Although the appellant has appealed from the judgment rendered in the court below, he relies chiefly upon an error in fact in the proceedings at the trial, and upon the argument presented affidavits setting forth what he regarded as such error. For this procedure appellant relies upon section 3057 of the Code of Civil Procedure, which provides that, “where an appeal is founded upon an error in fact in the proceedings not affecting the merits of the action, and not within the knowledge of the justice, the court may determine the matter upon affidavits, or, in its discretion, upon the examination of witnesses, or in both methods;” but after a careful examination we are convinced that this section refers exclusively to appeals from justices’ courts, and not to appeals from district courts. This section is a part of article 1, tit. 8, of the Code, which relates exclusively to appeals from justices’ courts. As far as we have been able to discover, no such provision is made for appeals from the district courts of this city. But, if the section under consideration did apply, we think the alleged error shown in the affidavits not covered by the provisions of that section. The errors in fact referred to in that section relate to some incapacity of the party, such as infancy, coverture, or some irregularity in the service of process, or misconduct of the jury; or other error not within the knowledge of the justice at the time of the trial. Biglow v. Sanders, 22 Barb. 147, 149; Adsit v. Wilson, 7 How. Pr. 64, 68, 69; Kasson v. Mills, 8 How. Pr. 377; Hurd v. Beeman, Id. 254; Wavel v. Wiles, 24 N. Y. 635, 637. But the error complained of was fully within the knowledge of the justice on the trial, and he denied the motion to adjourn on the ground that he had no power to do so.

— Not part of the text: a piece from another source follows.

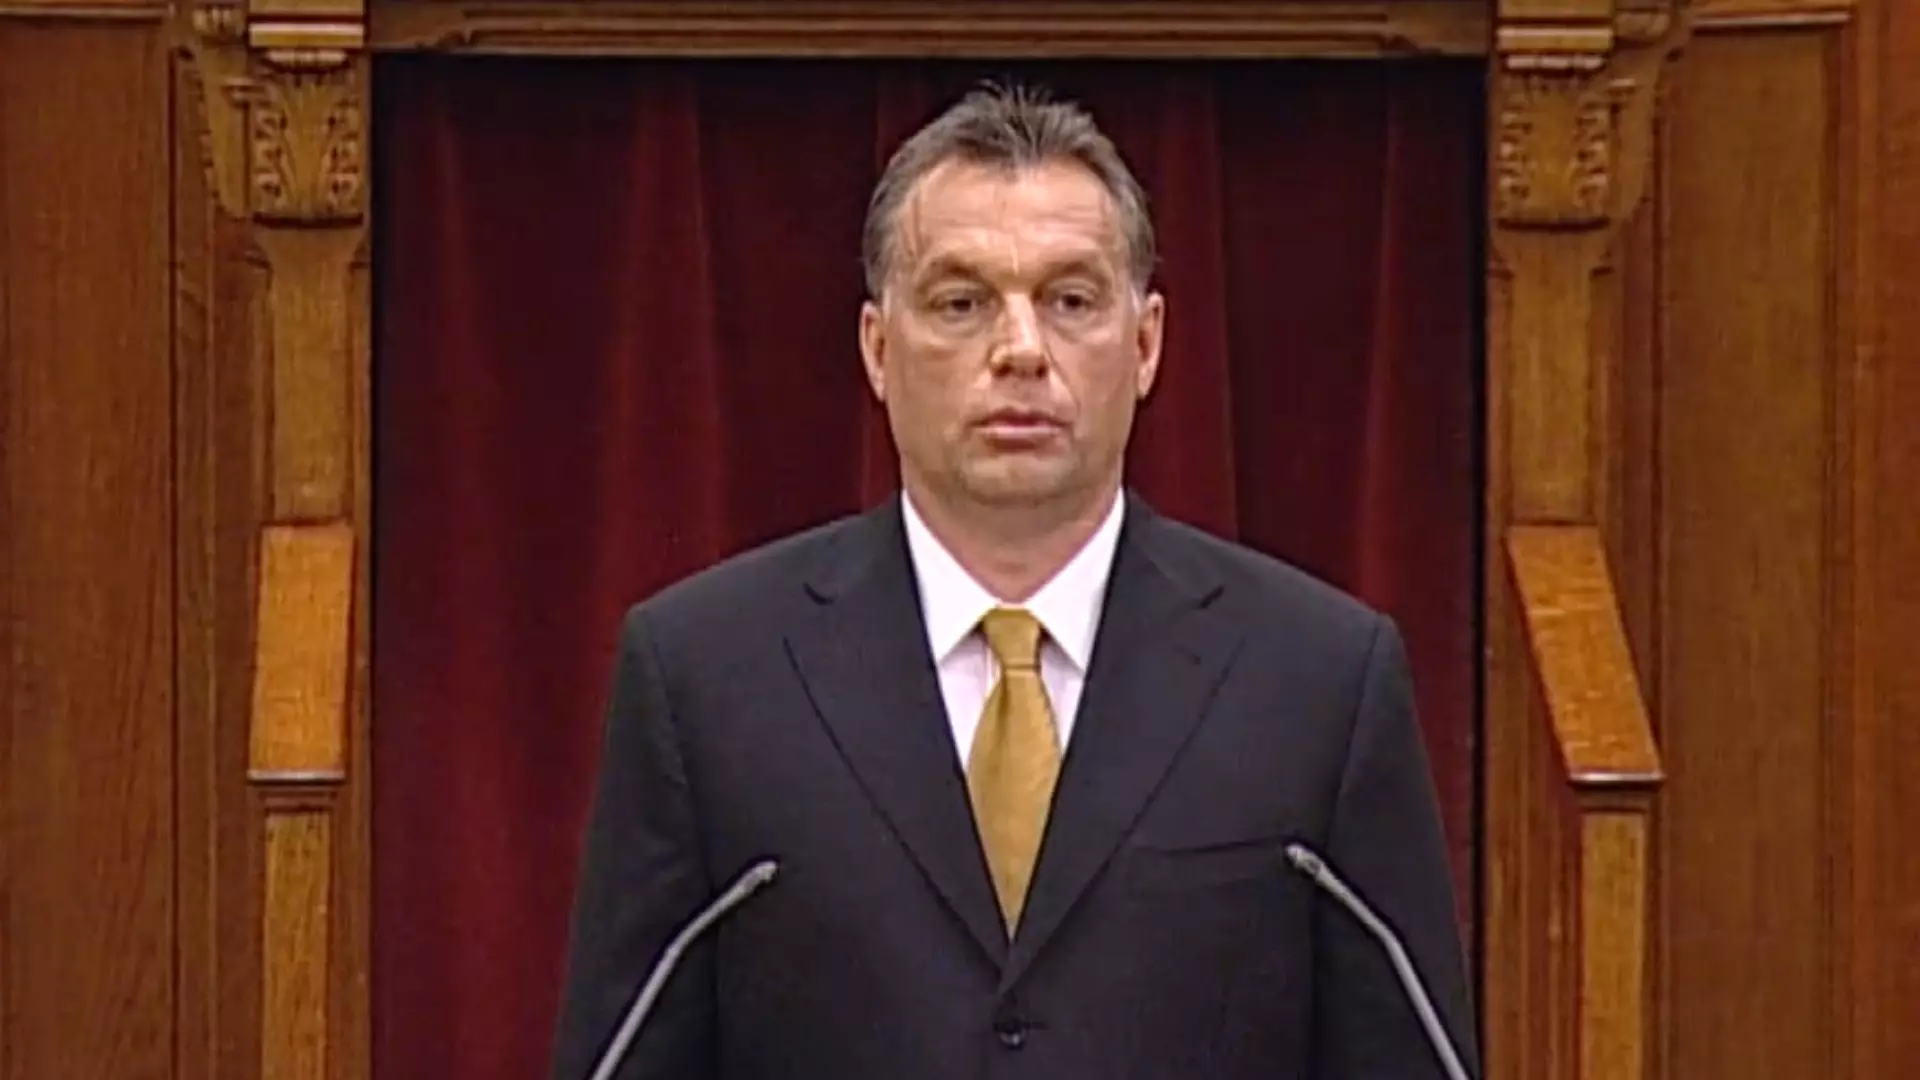 Nagy nap volt 14 éve: Orbán Viktor felesküdött miniszterelnöknek, Kövér László levágatta a haját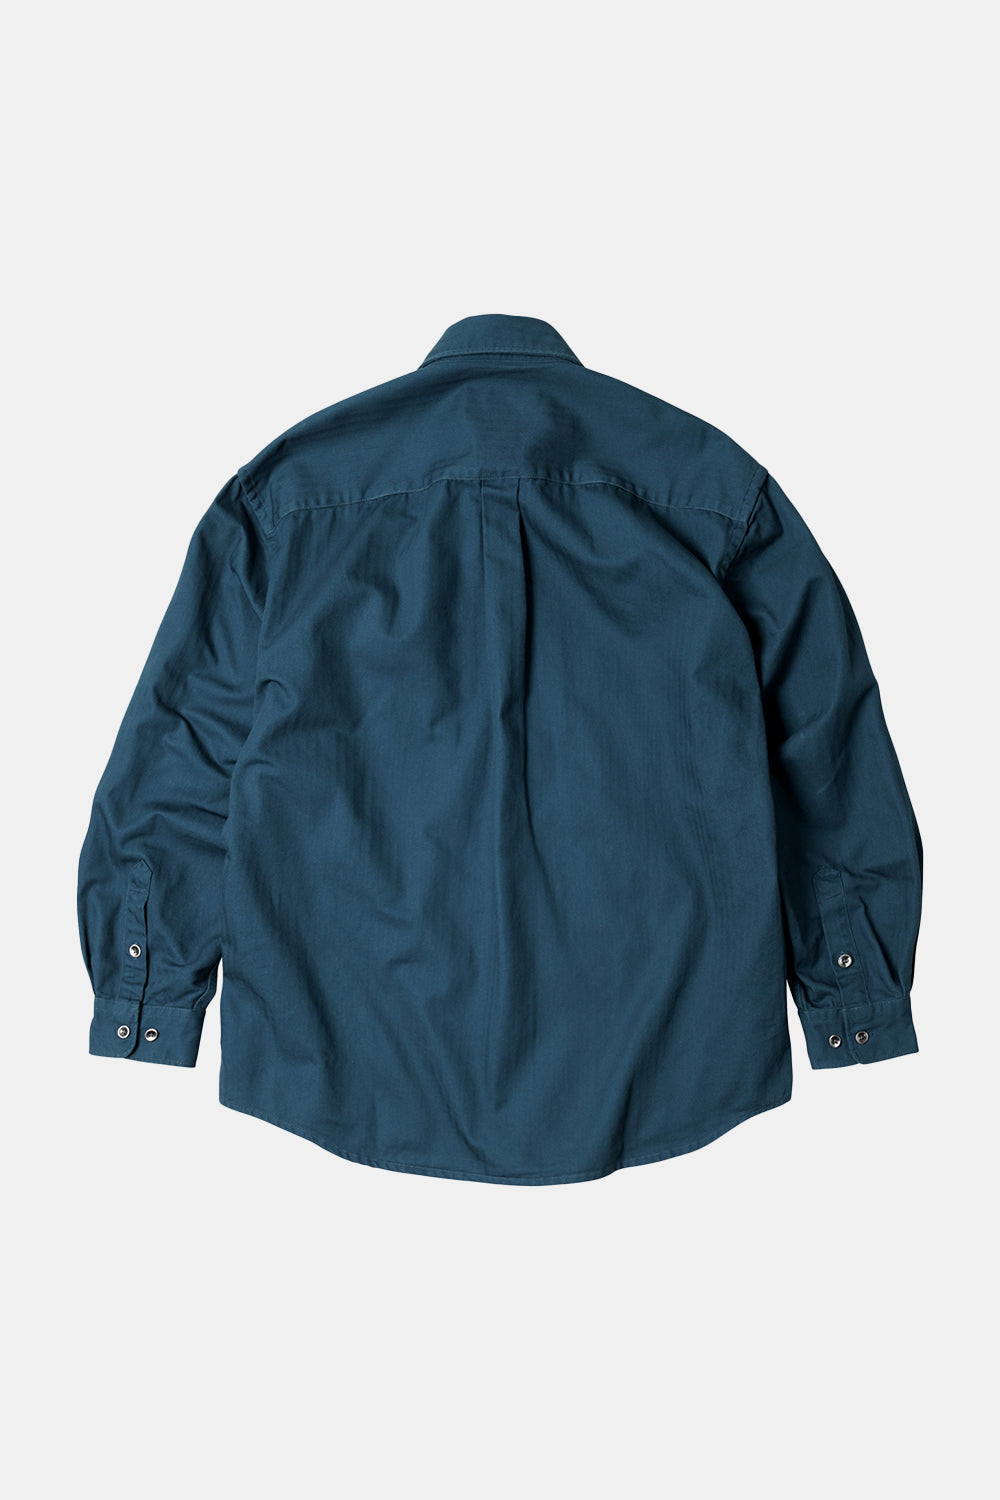 Frizmworks HBT Zimmermann Tasche Arbeit Shirt Jacke (Vintage Blau)

From the return it appears that the action was brought by the plaintiff against the defendant to recover wages which the former claims to have earned from the latter under a contract made, as he claimed on the trial, with the defendant Healey personally. As all contracts "of that character, according to the custom of the house, were made, not by Mr. Healey, but by defendant’s foreman, who was present at the trial, and as the pleadings did not disclose that it was claimed to have been made with either of the defendants personally, we think they were not guilty of negligence in not having Mr. Healey presentas a witness; and it is apparent from the return that the testimony of the plaintiff was a surprise to the defendants, and they immediately moved for an adjournment for a time long enough to procure the attendance of Mr. Healey. This the court below refused on the ground that it had no power to adjourn a case after trial commenced except.by consent. The learned judge who made this decision doubtless had in mind at the time of rendering it the cases of Edwards v. Drew, 2 E. D. Smith, 55; Aberhall v. Roach, 11 How. Pr. 95; Wight v. McClave, 3 E. D. Smith, 316; Storry v. Bishop, 4 E. D. Smith, 423; Giberton v. Ginochio, 1 Hilt. 218; Redjield v. Florence, 2 E. D. Smith, 339,—decided in this court, which abundantly sustain his ruling. But all of these cases were decided before the act of 1857, (chapter 344, § 78,) which expressly provided that “the trial of an action or special proceeding may be continued from day to day, or from one day to another day or days, until the same is finished.” This provision was retained in the consolidated act of 1882. We think it gives the district judge ample power to adjourn a *242case, under circumstances like these, fora sufficient time to procure the attendance of witnesses, if, in his discretion, he thinks such an adjournment should be granted; and from the return it appears that the justice did think so, as he said on denying the motion: “If I had such a right, I should certainly give you an opportunity to bring Mr. Healey.”
- Although not necessary to a decision in this case, it maybe added that even in justices’ courts it has been held that after amendment it was discretionary with the justice to grant an adjournment or not on the ground of surprise. Sherar v. Willis, 5 Lans. 329. So, too, it was long ago held that it was a matter of discretion on the part of the justice to hold a case open in order to allow one or the other parties to obtain witnesses, and that it was not error to do so for a period of two hours. Pease v. Gleason, 8 Johns. 409. And in Day v. Wilber, Colem. & C. Cas. 381, 385, it was held that it was not error to continue the case from the 2d of June, when the venire was returned, to the 3d of that month, when the cause was tried; and on appeal in that case it was said: “There is nothing in the law to prohibit a justice from continuing this court from one day to the next when the exigencies of the case require it. ” Although it is true that in Green v. Angel, 13 Johns. 469, it was decided that, under" the circumstances in that case, holding it open for 20 hours to procure the" attendance of a witness was unreasonable. It therefore seems that the matter of continuing the case is in the sound discretion of the justice. See, also, Cow. Treat, pars. 1219, 1220. But, in addition to this, it may be said that the decisions of this court above cited were rendered when it had no power to grant a new trial, as it now has, and on a review of this case we are of the opinion that justice requires a new trial should be had, even had no error of law been shown, under Curley v. Tomlinson, 5 Daly, 283. Judgment reversed, and new trial ordered, with costs to appellant to abide the event.